I have configured a manual policy with the Compact learning for parameters but it doesn't add parameters to the list. However, wildcard parameter is changed with suggestions. I think it's working like Never (Wildcard Only) learning, why?
On the other hand, I've read in K74535942 that the policy must include the following:
How can I include these requirements in the security policy?
Thanks, best regards.
Compact mode doesn't remove pure wildcard parameter, while it adds additional parameter as soon as their score becomes 100%. You can also look at https://techdocs.f5.com/kb/en-us/products/big-ip_asm/manuals/product/asm-implementations-13-1-0/24.h... for more details.
In general it based on next principle - if you get a lot of traffic with the same parameter, then such parameter will be added to policy as explicit, but if you get a lot of different parameters, then such parameters will be "union" into pure wildcard parameter (pure wildcard parameter will be adjusted to their values).
If your pure wildcard parameter was changed, then this means that you get a lot of different parameters and don't get a lot of traffic with the same parameter.
When using Automatic learning, the system adds explicit entities that do not exist in the policy but which match the attributes of the * wildcard. The Policy Builder does not remove the * wildcard file type from the security policy. For Manual learning, the system suggests adding explicit entities that match the * wildcard file type.
I don't understand. I have a security policy with manual learning. Docs say "For Manual learning, the system suggests adding explicit entities that match the * wildcard file type."
However, I only have the * wildcard file type and the * wildcard parameter. The learning method selected for file type and parameters is Compact. There is no other parameter or file type.
Where can I see the score of parameters to know if there has been lots of traffic?
Thanks, best regards.
You can look at https://devcentral.f5.com/s/question/0D51T00007gbt0FSAQ/asm-not-automatic-learning-url-file-type-and.... May be it will help you in understanding how learning score counted.
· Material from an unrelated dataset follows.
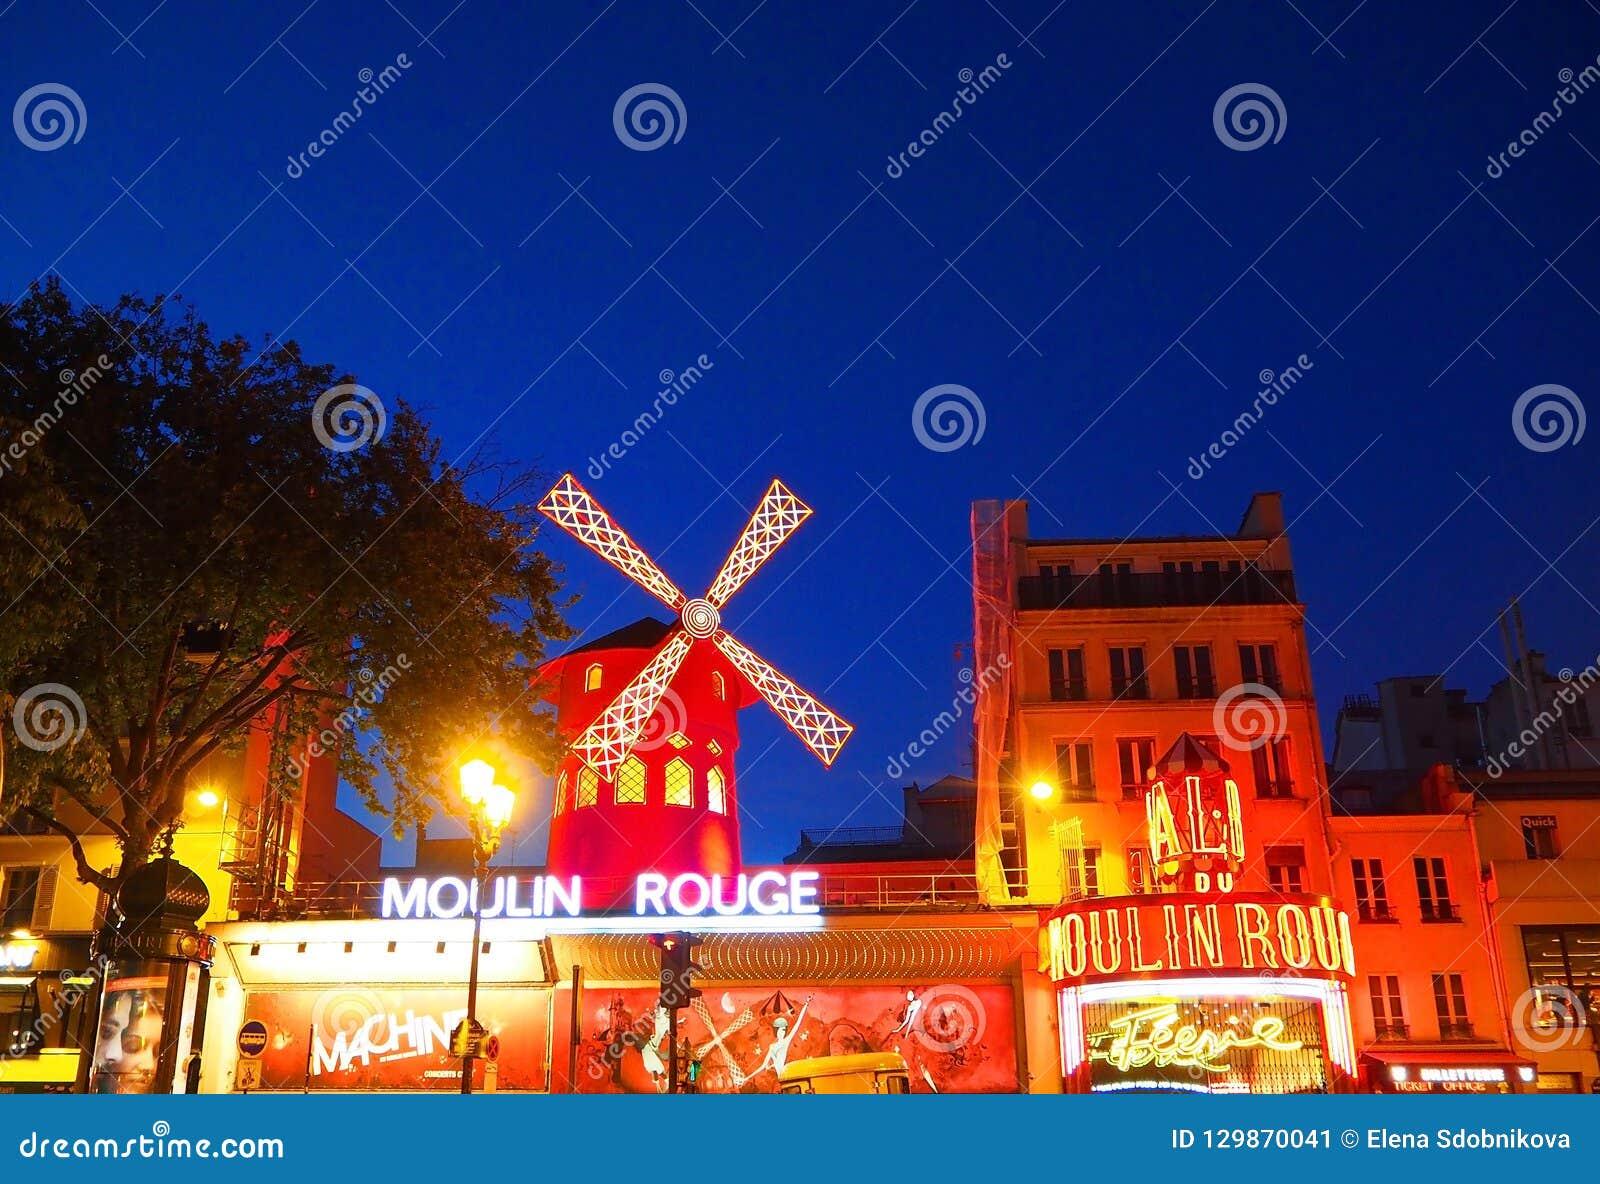 Paris Francia Abril De 2017 Vista Del Molino Rojo De Moulin
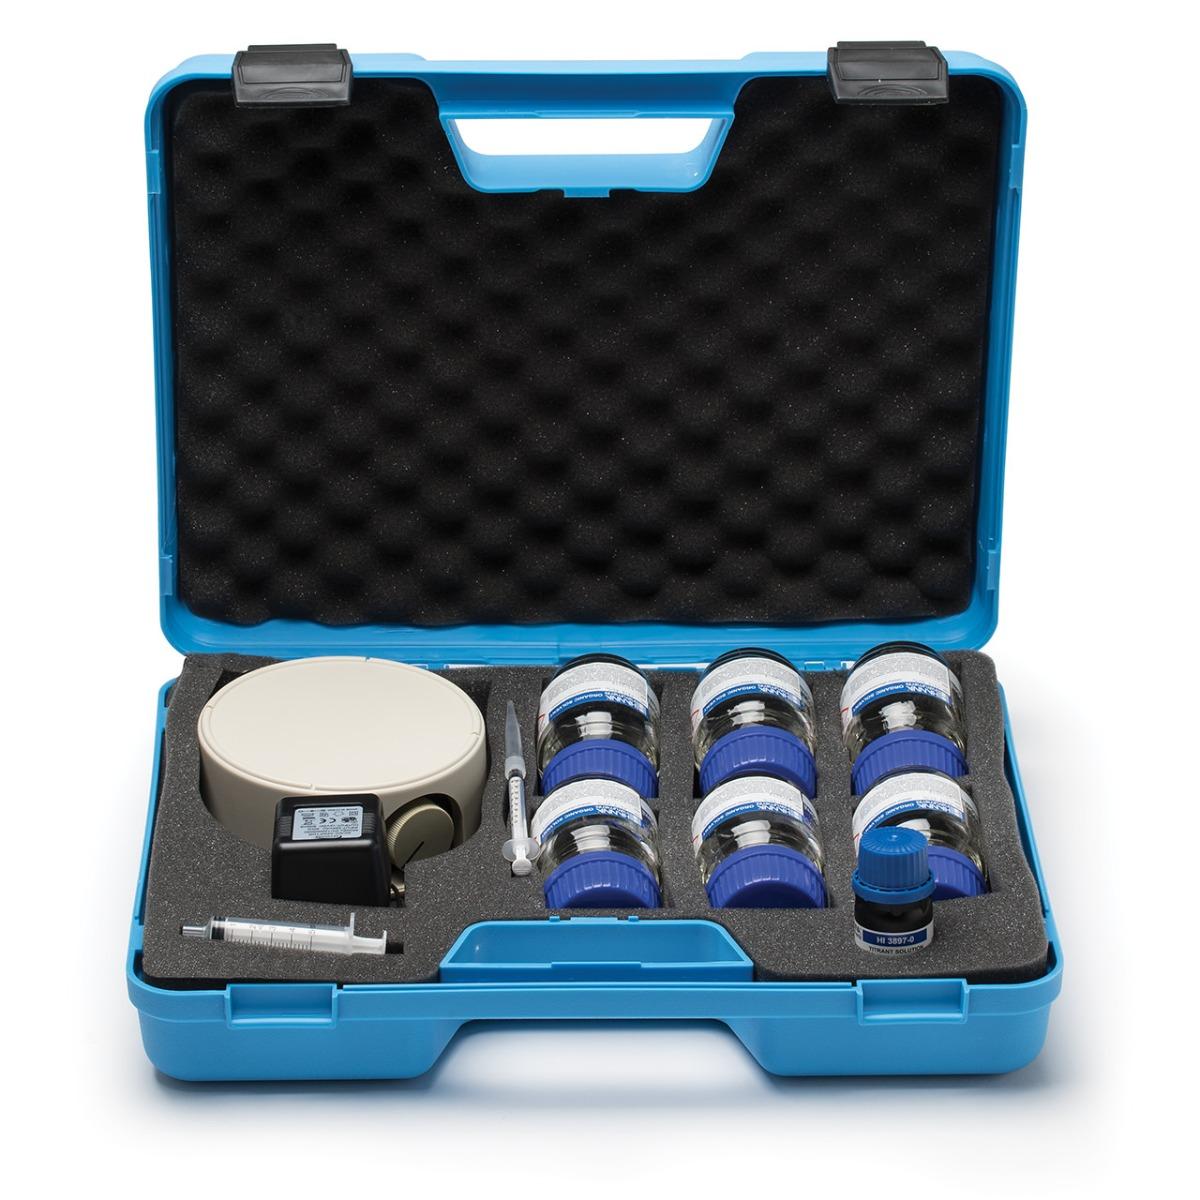 Olive Oil Acidity Test Kit - HI3897

What configuration of "Policy Building Process" on "Security ›› Application Security : Policy Building : Learning and Blocking Settings" do you have?
By default, in Compact mode, you won't see any suggestion for new entities in Traffic Learning until it's score becomes 100%.
If you want to change default 100% showing threshold, then you can do it via changing value of add_entity_min_score setting in /etc/ts/pabnagd/pabnagd.cfg (don't forget to restart asm after that).
my policy building process were All IP Addresses for Trusted IP Addresses, and 20 different sources, 1 hour and 7 days for Untrusted Traffic. I've changed to an Address List with my IP address for Trusted IP Addresses and I already see suggestions for parameters. Thanks a lot!
However, what is the difference between Compact and Selective mode? Compact mode removes wildcard parameter and Selective mode doesn't remove the wildcard parameter? This is the only difference? When the wildcard parameter is removed? How much time have to pass to remove the wildcard parameter?
Thanks, best regards.
No, Compact mode shouldn't remove wildcard parameter.
The difference between Selective and Compact mode is that in Selective mode we always add new entity in case of no match with pure wildcard settings, while in Compact mode we add only most common used entities, while for all other entities we try to adjust pure wildcard settings (if possible).
So, e.g. in Selective mode you can get situation when you will see 50 suggestions to add new entities with score 10% (long tail) and 3 suggestions to add new entities with score 100% (most common) in Traffic learning - in such case policy will be changed by adding 3 new entities and no changes for long tail until 100% per each suggestion in it.
For the same case in Compact mode you will see only suggestions to add new entities with score 100% (most common) in Traffic learning , so policy will be changed by adding 3 new entities, but in addition to it, pure wildcard settings can be changed too adjust long tail false positives... e.g. pure wildcard settings will be adjusted in way to resolve 40 from 50 suggestions without any additional false-positives.
Compact mode just provides way to maintain policy with less entities - maintain only most common entities as dedicated entities, while all other entities, which occurs in traffic not so often should be maintained as match with pure wildcard.